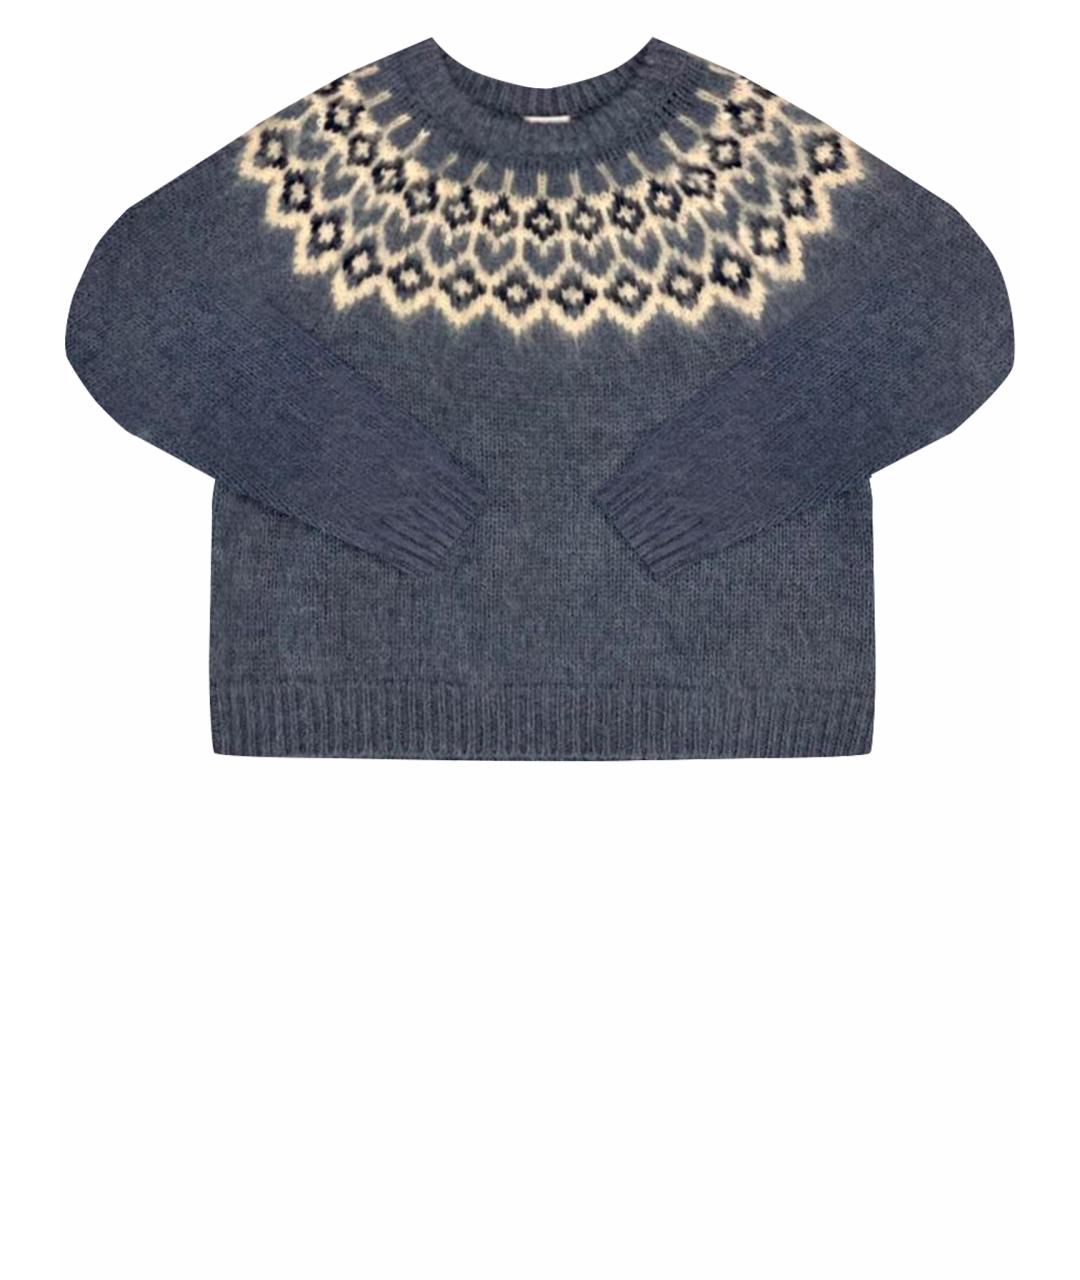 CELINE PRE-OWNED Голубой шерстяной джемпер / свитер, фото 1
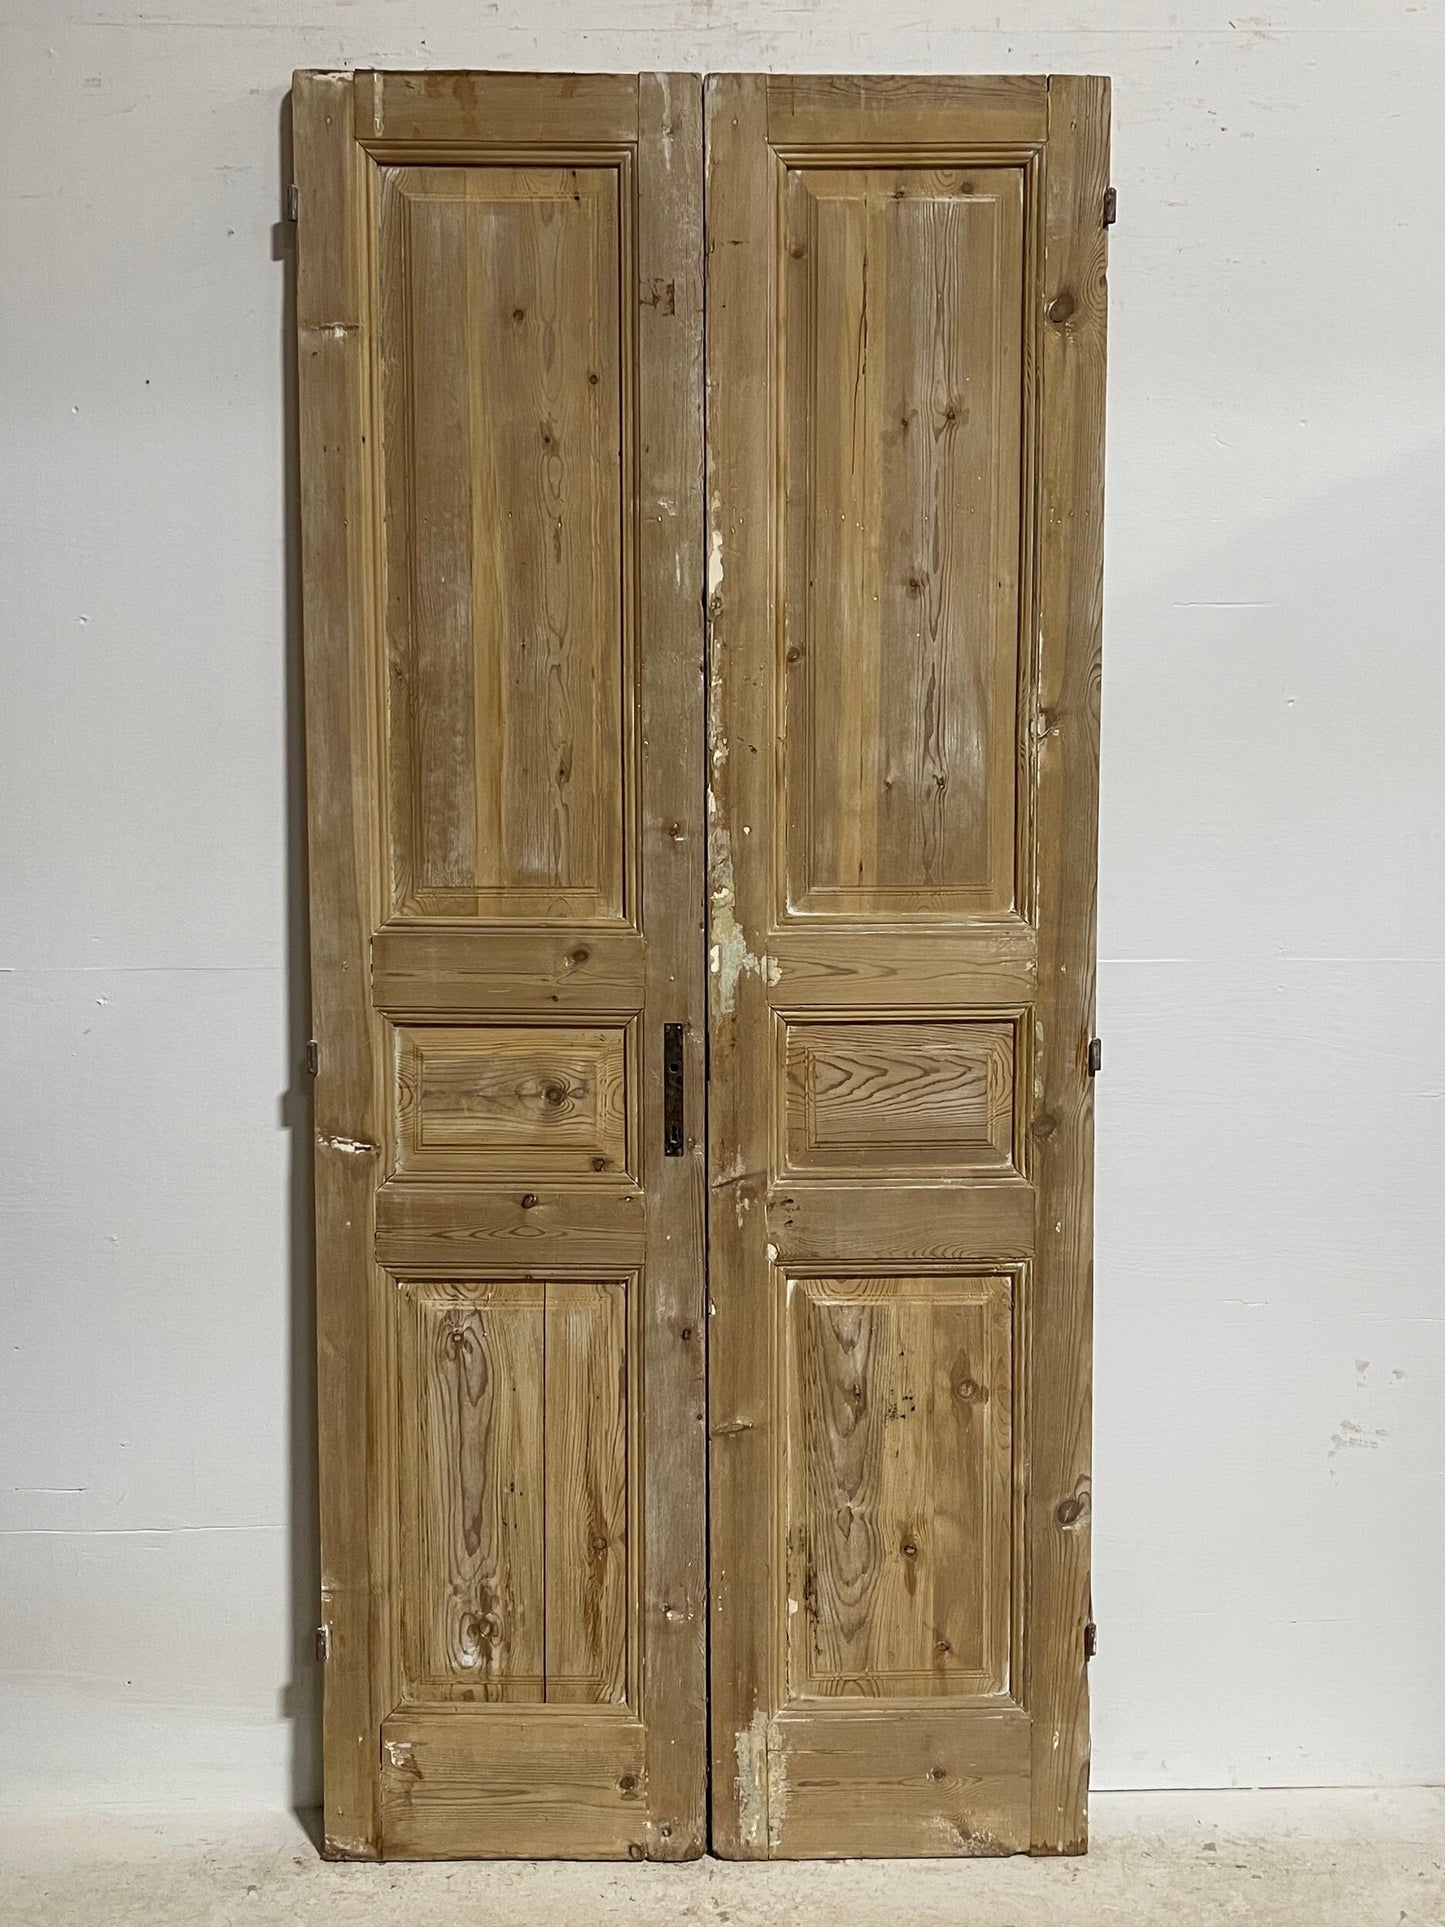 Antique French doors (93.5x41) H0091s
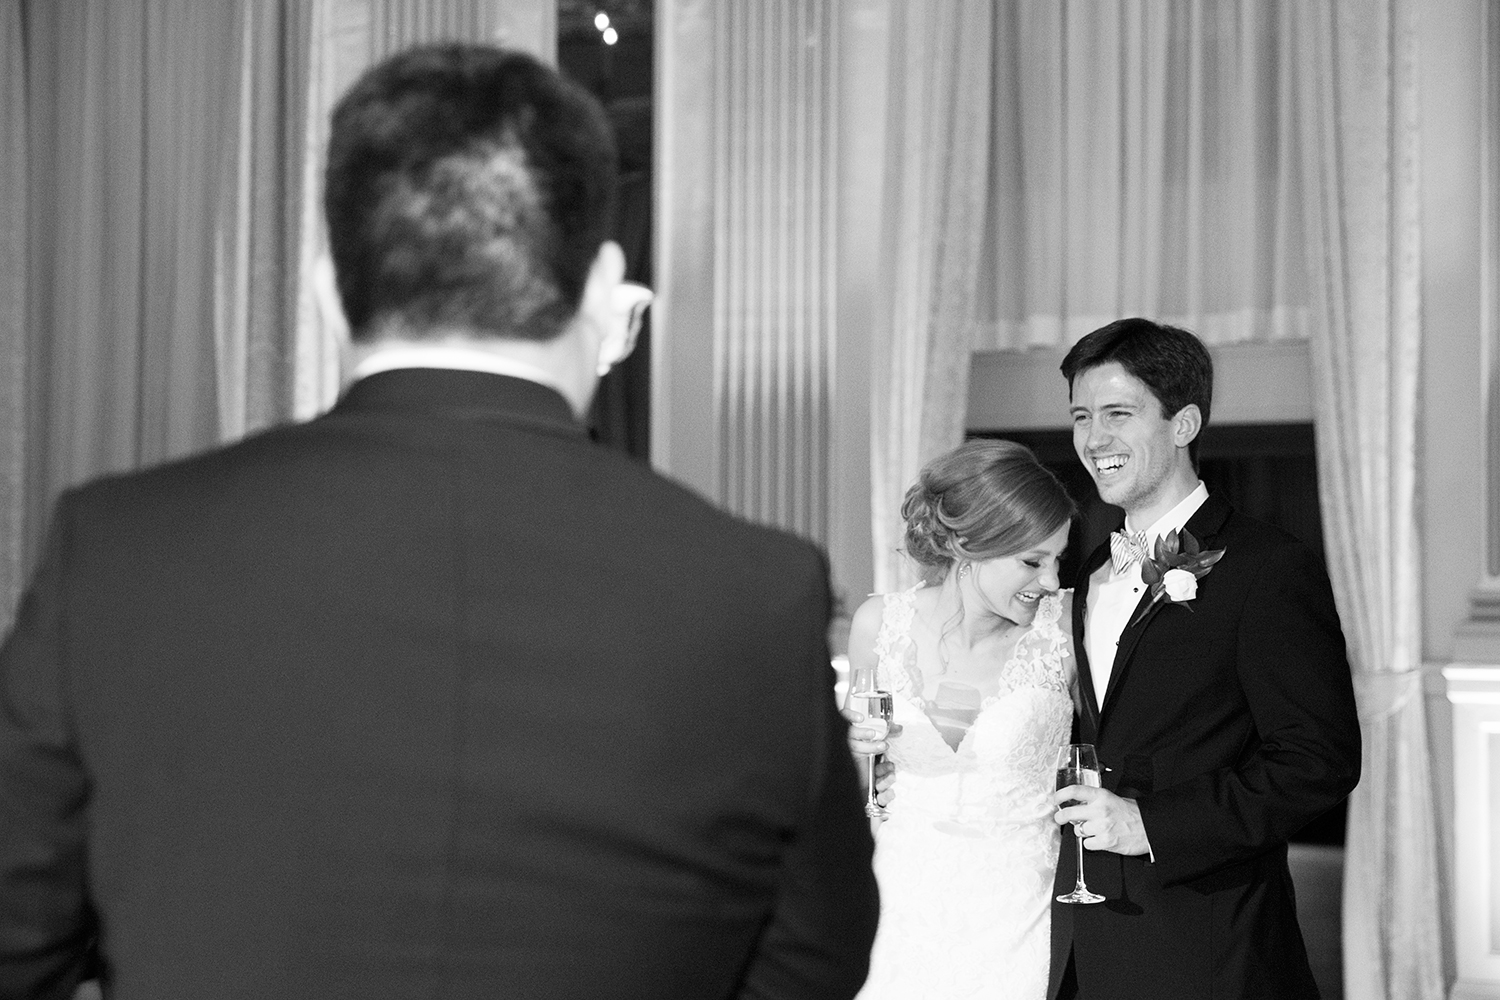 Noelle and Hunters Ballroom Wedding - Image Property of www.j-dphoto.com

------------------------------------------------

PROBLEM STATEMENT | Print the complete listing exactly, apart from any pictures.

YOUR SOLUTION |
 CELINE PRE-OWNED Голубой шерстяной джемпер / свитер, фото 1
 Antique French doors (93.5x41) H0091s
 Noelle and Hunters Ballroom Wedding - Image Property of www.j-dphoto.com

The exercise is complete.